Data segment:
%%

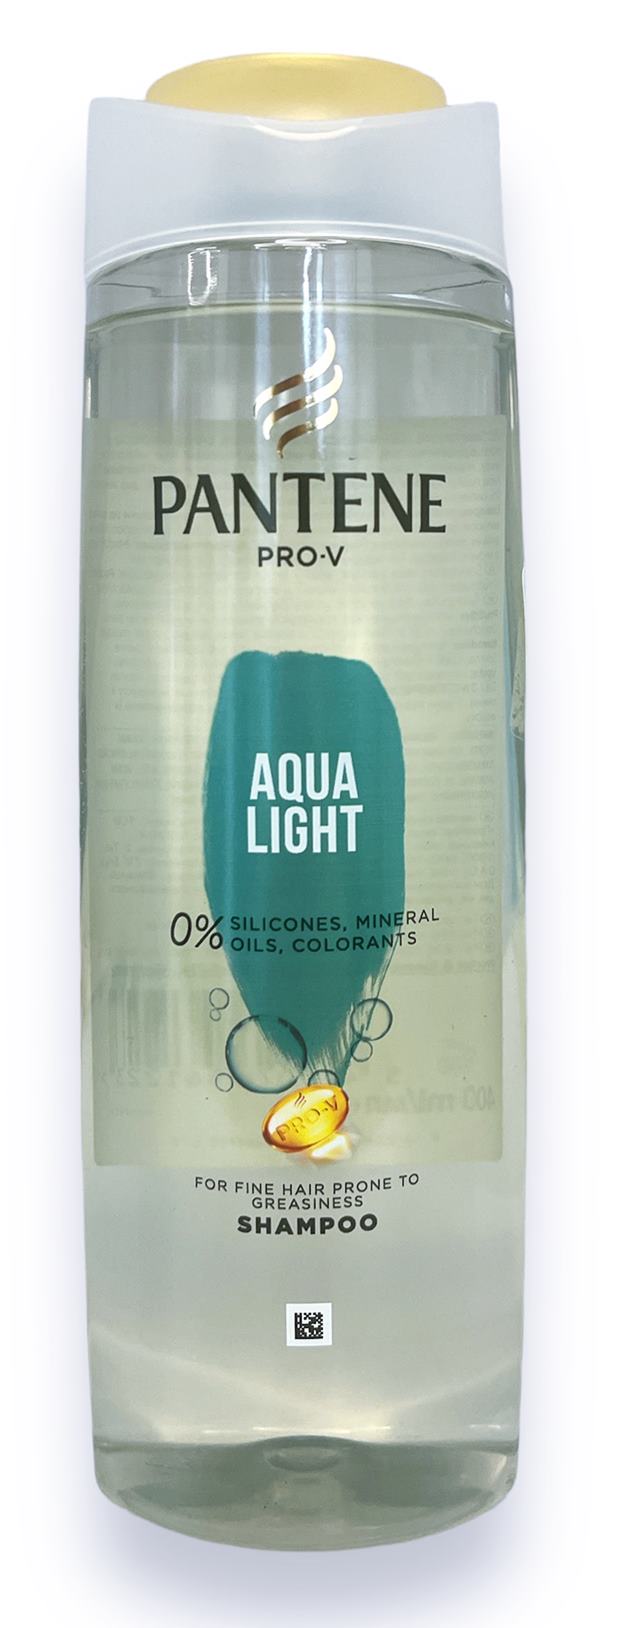 Шампоан PANTENE Aqua light 400ml R /6 броя в кашон/
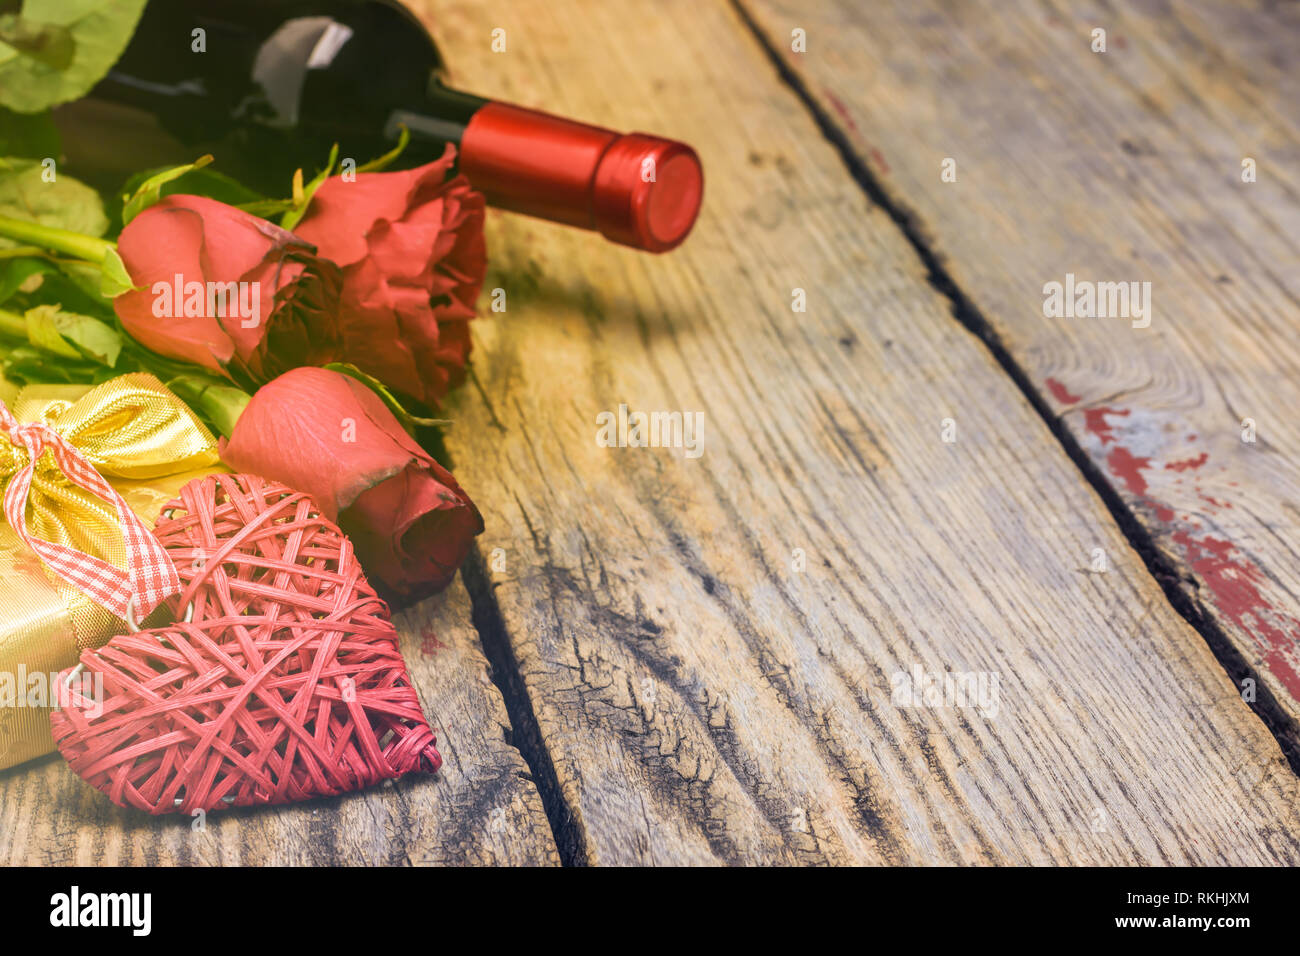 Il giorno di San Valentino del concetto. Cuore di vimini, red rose, confezione regalo e una bottiglia di vino in un ambiente rustico in legno con blackboard copia spazio per il testo. Messa a fuoco selettiva. Foto Stock
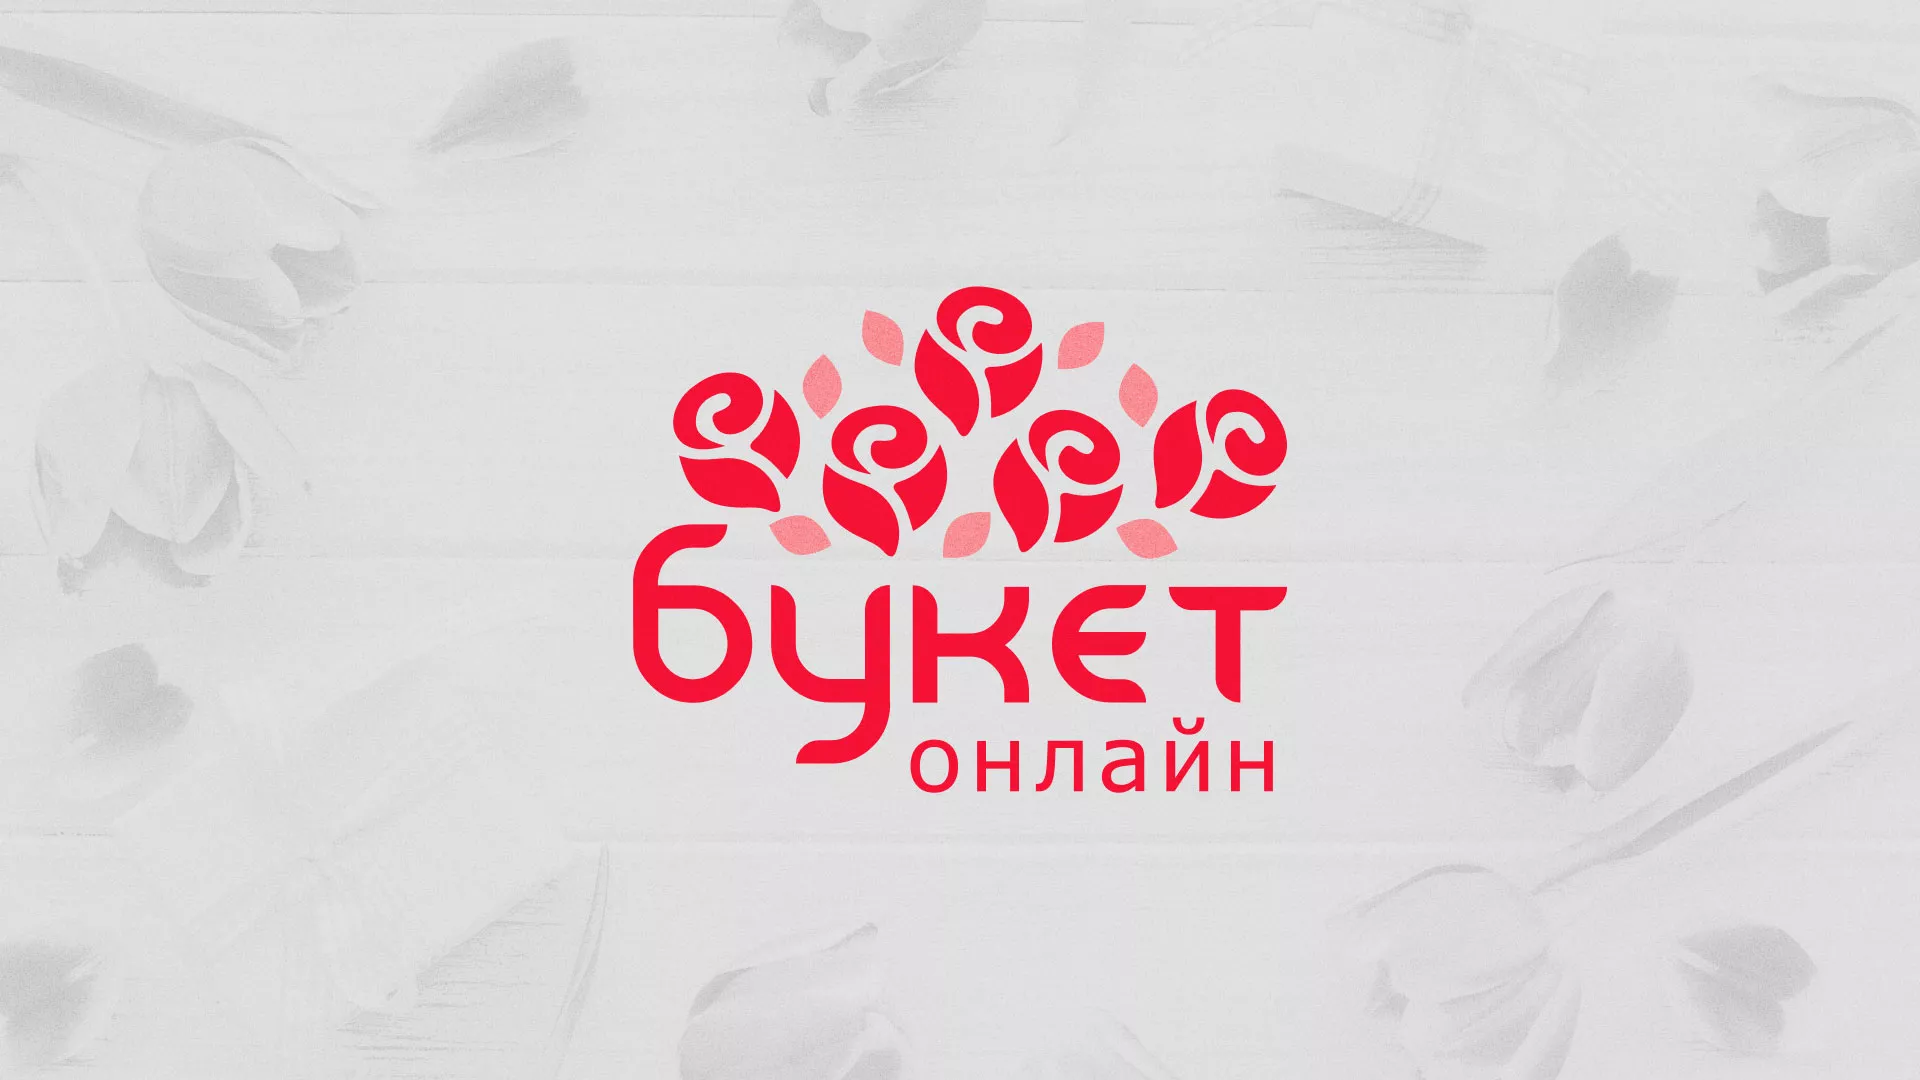 Создание интернет-магазина «Букет-онлайн» по цветам в Партизанске

%%

Directions:
Transcribe the full listing above exactly as it stands, minus the pictures.

Problem solution:
 Шампоан PANTENE Aqua light 400ml R /6 броя в кашон/
 Il giorno di San Valentino del concetto. Cuore di vimini, red rose, confezione regalo e una bottiglia di vino in un ambiente rustico in legno con blackboard copia spazio per il testo. Messa a fuoco selettiva. Foto Stock
 Создание интернет-магазина «Букет-онлайн» по цветам в Партизанске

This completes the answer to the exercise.